Further facile immobilization of enzymes on hydrous metal oxides and use of their immobilization reversibility phenomena for the recovery of peptide antibiotics

Abstract

Practical aspects of the facile immobilization of enzymes on hydrous metal oxides, a well-established means of enzyme-movement restriction, are described. Various enzymes (e.g. glucoamylase, peroxidase, dextranase) have been immobilized by chelation of several hydrous metal oxides, those of titanium(IV) and zirconium(IV) proving to be the most satisfactory for practical purposes. Localization of the gel into a granular form could be achieved successfully with good enzyme-immobilization characteristics by using ion-exchange resin as an internal matrix. The immobilization process was highly efficient for the relative proportions of hydrous oxide to enzyme used, with usually >90% of the available protein being insolubilized. Retention of enzyme activity was generally very good and was stable to reuse and to conventional buffer conditions. Activities of the immobilized enzymes were partially stable to lyophilization or drying of the hydrous oxide gels.
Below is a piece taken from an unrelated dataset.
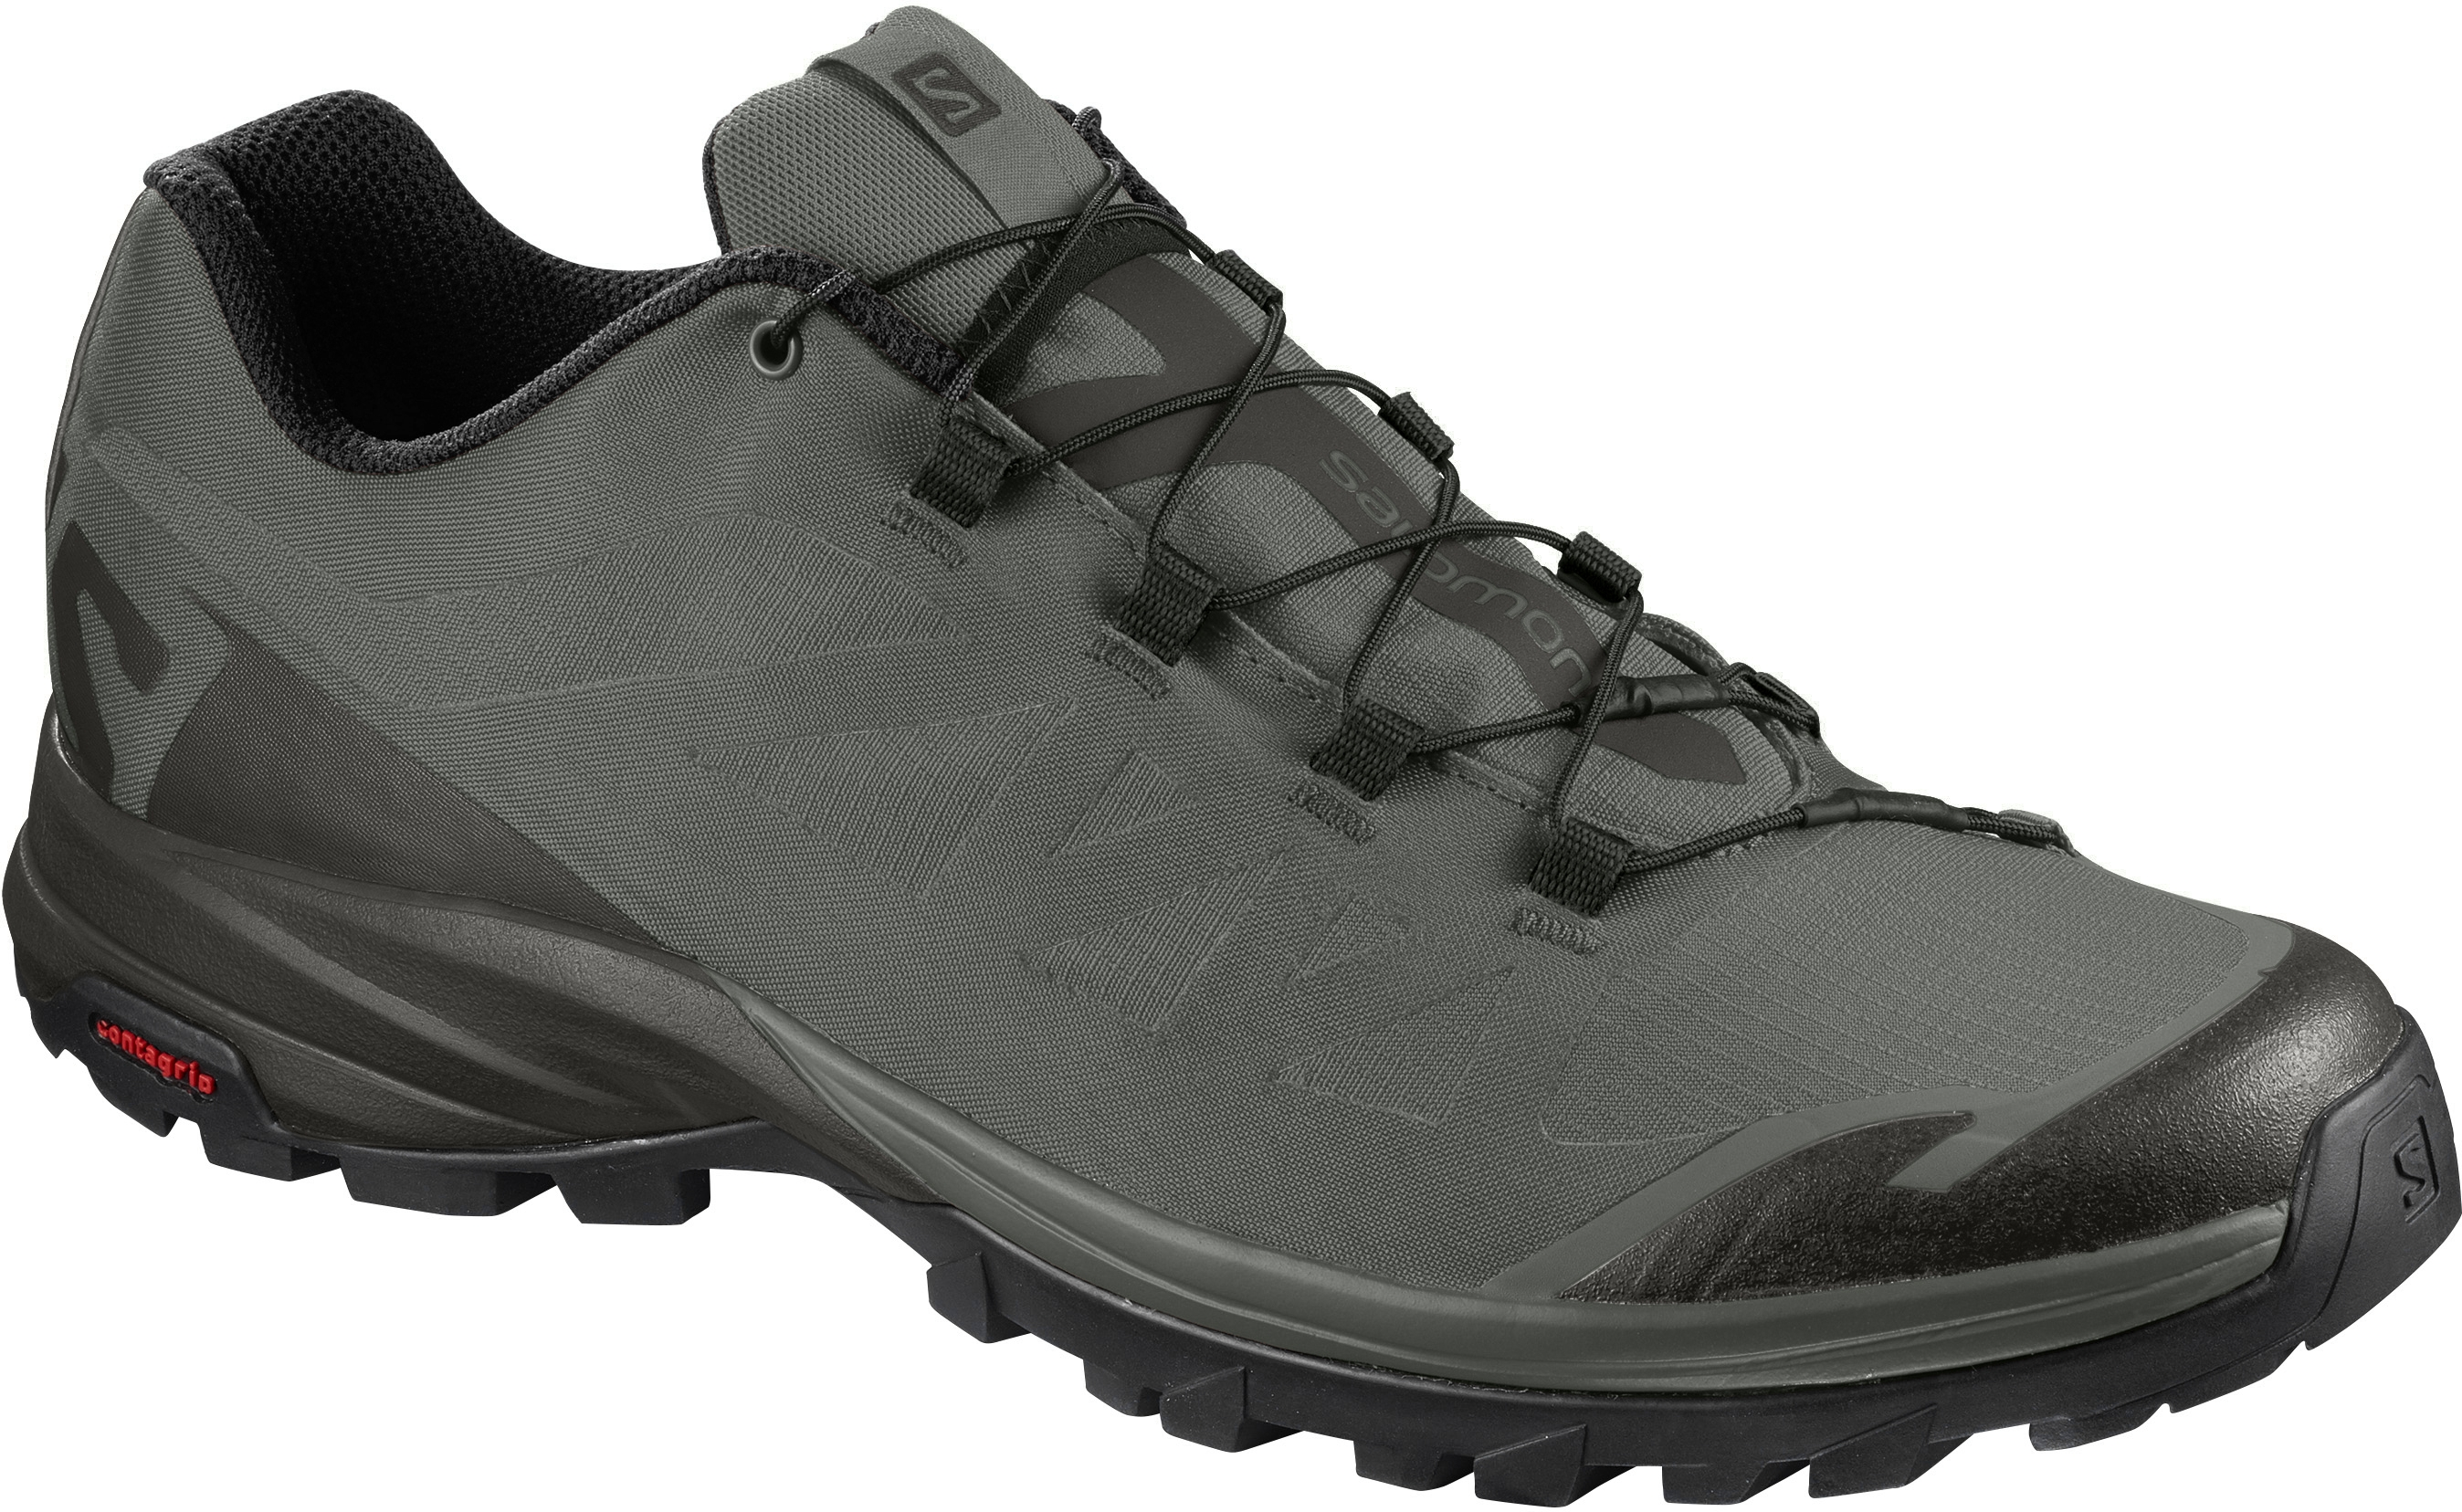 Salomon Outpath Chaussures Precision Randonnée Ski Beluga Grey BoQWrEdCxe

Modification of the hydrous metal oxide surface by drying or treatment with phosphate or carbonate led to a decrease in complexing ability. The effect of carbonate can be circumvented by lowering the pH of the solution to around 5 and removing any carbon dioxide formed, by aeration. Such treatment allowed compounds to chelate to hydrous zirconium oxide(IV) in the presence of carbonate and therefore the hydrous oxide could be applied successfully to the concentration of peptide antibiotics from the fermentation medium in which they are being produced, including production at low concentrations.